Remember when age crept up on me, my bones became stiff and my movements slower. Still I met you at the door when you came home and followed you around the house. We'd been together for so long, I was your very best friend regardless of what you were doing, saying, thinking. Did I not look at you with such kindness and understanding that you felt overwhelmed? I couldn't get enough of you.

Remember the last time we saw each other with earthly eyes? You tried to be brave but I knew you were crying ... I know you so well. Better than anyone else in the whole world. Did I not look at you with such pure trust and love that you yearned only to hold me close and keep me with you always? Did you not promise that you would love me forever? I believed you. If this is so then why have you let me go by thinking I no longer exist?

Remember the depth in my eyes all those times I looked at you with adoration, acceptance, patience, trust and love. Who created this depth and love? Would the Creator diminish the song of our laughter 
which was created in the name of love? I am no longer an earthly figure, this is true. My body was only part of who I really am. My body would have been but a mere shell on earth if it were not filled 
to overflowing with my soul, my spirit, my loving light. 
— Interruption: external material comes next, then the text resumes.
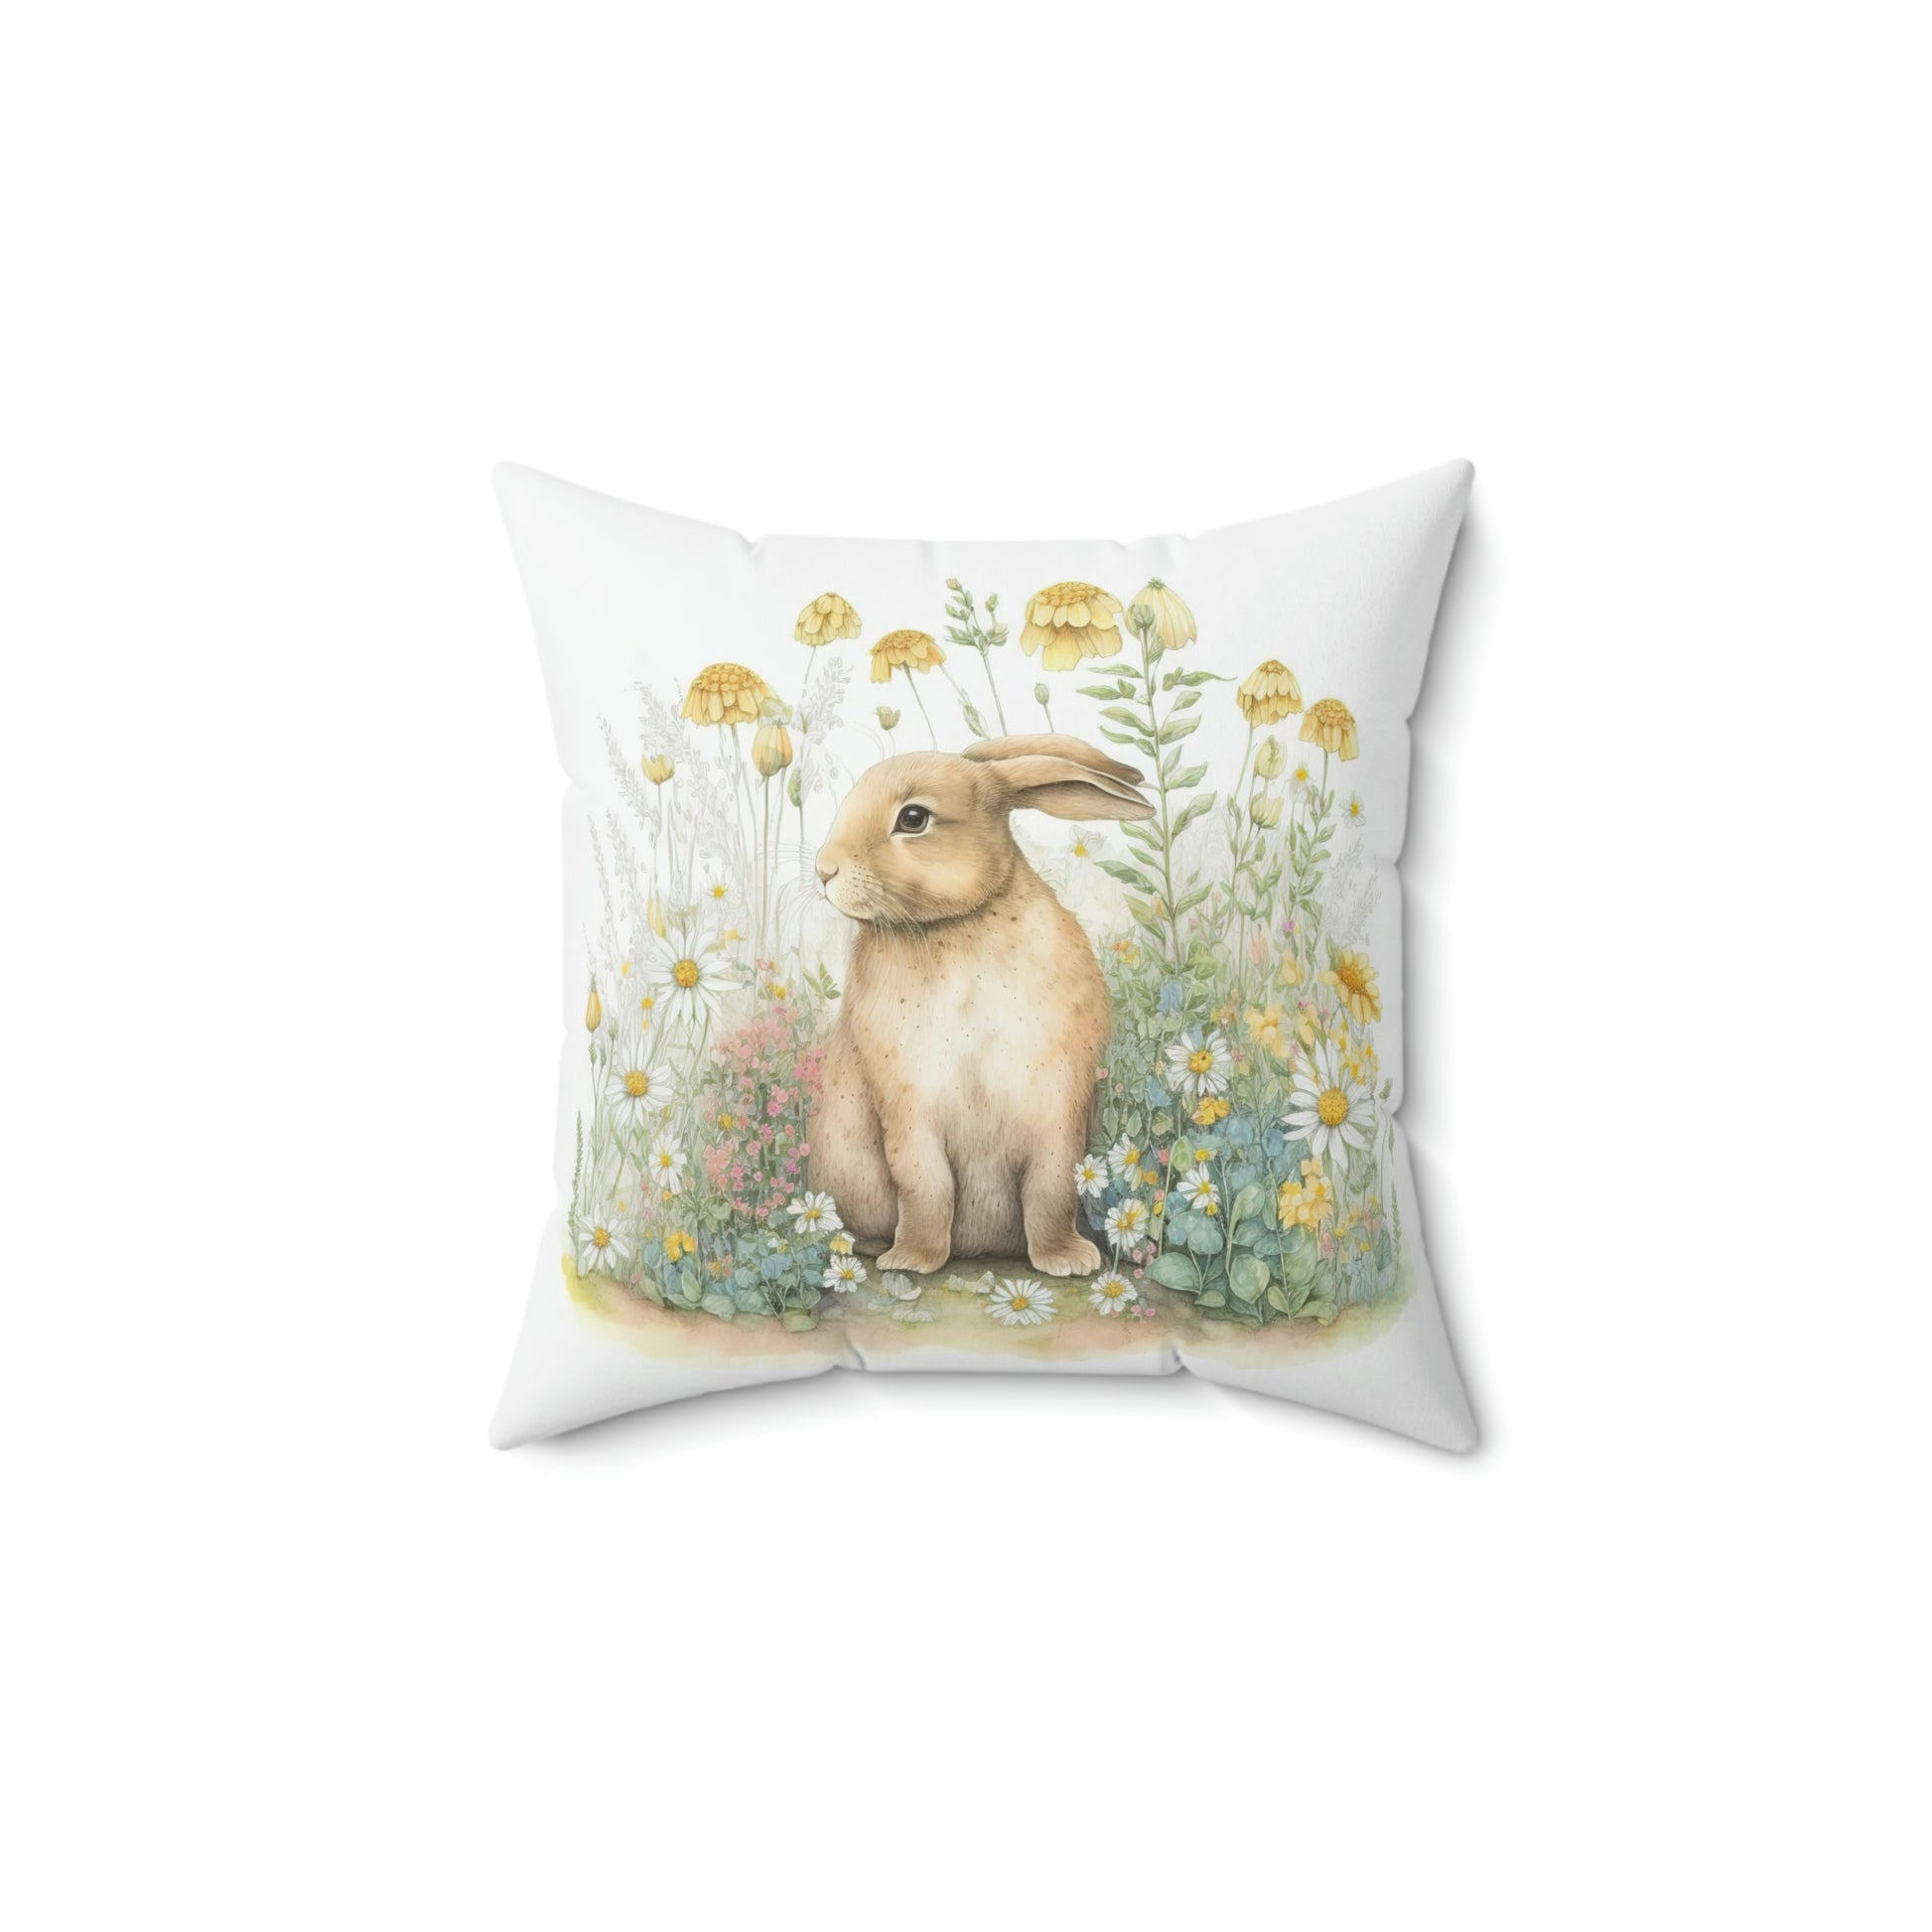 bunny accent throw pillow sitting on a grey living room couch, decorate your room for spring with this floral bunny pattern throw pillow, square pillow with a bunny pattern
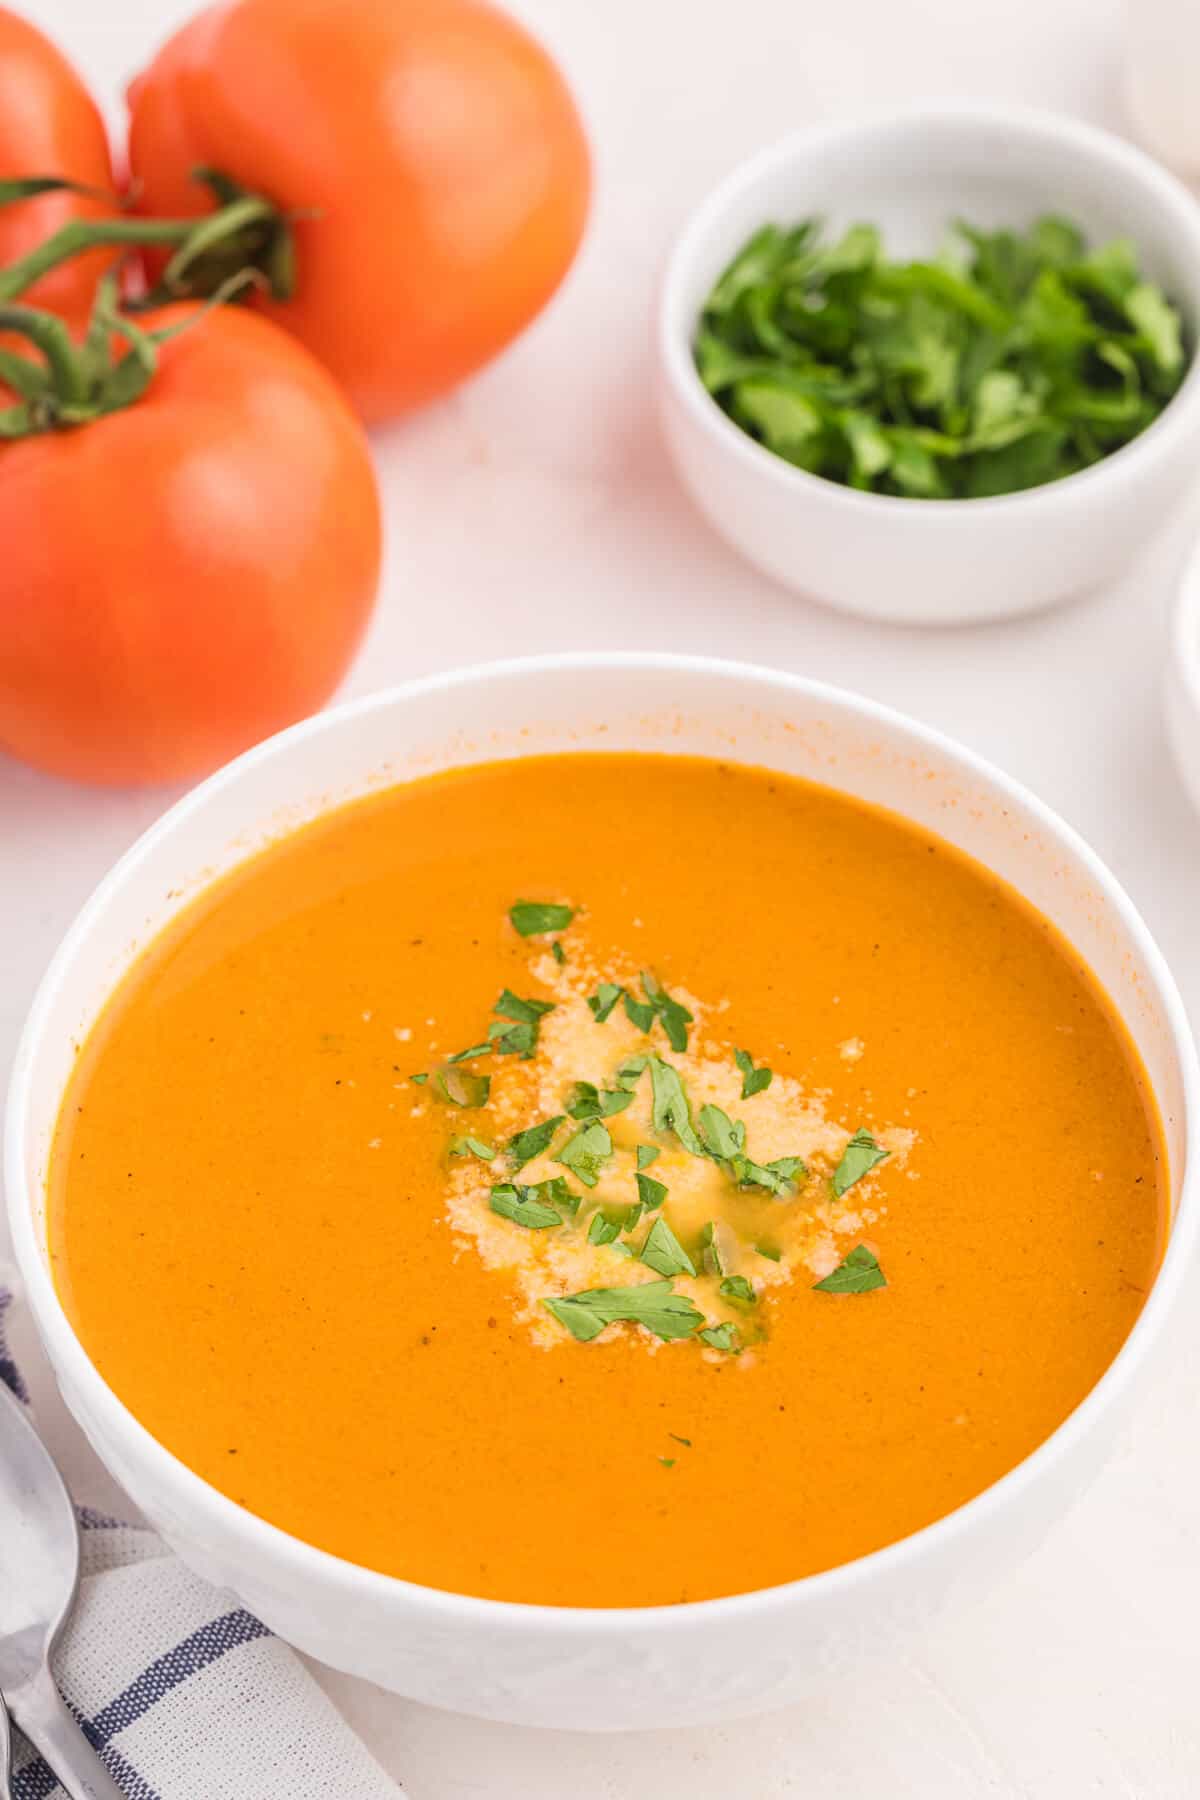 A bowl of roasted garlic and tomato soup.

When we met you thought I was cute, sweet, pretty and adorable. But what kind of relationship would we have had if this is all that I'd been? How could you have loved me if I'd had no spiritual substance?
We are all made up of energy which resides far deep down inside of us, it is our core, our soul, spirit and loving light. It is the energy that is all of life ... it has no beginning, it has no end. It simply is and always will be and without it there is no life. You can't see it with the naked eye nor can you hold it in your hand, it is simply a certain knowing that this energy does exist. It's a knowing just as you know that our love existed on earth - you couldn't see our love in a solid sense, you couldn't gather it all up and confine it to one place. But you *knew* it existed. There was no doubt in your mind.They demand you get over me, insisting that I'm dead and you'll never see me again because animals don't go to 
Heaven. 
Oh really? I'm here to tell you different. You were worthy of my love and undying devotion on earth as I was of yours. Do you really believe this love would be snatched from us *forever* by a loving Creator simply because I wasn't human? Was I not a living, breathing creation with personality? How could I have been so if I didn't possess the energy of soul, spirit and loving light? And if this energy is and always will be, then how can it be that I am dead? If my core is not of the energy that is all of life then I was never alive to begin with. 

But you know better.You cry because you miss me, this I understand. I miss you too - I miss the belly rubs, hugs and kisses that we shared. But life does go on beyond these wonderful, fulfilling physical 
connections. I came to this place to live a whole new life, not because I didn't love you anymore or because I wanted something better. I came here because it was time for me to go to the next phase of my existence, something all living creatures must do eventually. It is the normal progression of life. I was not taken away from you because you cannot take away that which was never owned. My presence in your life was and is a gift to be cherished and honoured just as I cherish and honour you.

Life is not simply about being born into a body, living a certain number of years and then dying. Energy cannot die. We are blessed with time in a body so that we can learn, share and grow. It prepares us for the next phase of our eternal life. The body holds within it the true life force of our existence ...our soul, spirit and loving light. Without these our bodies would be empty, blank, void of 
feeling and expression. Without our energy we would indeed be dead and could never have experienced our love for each other.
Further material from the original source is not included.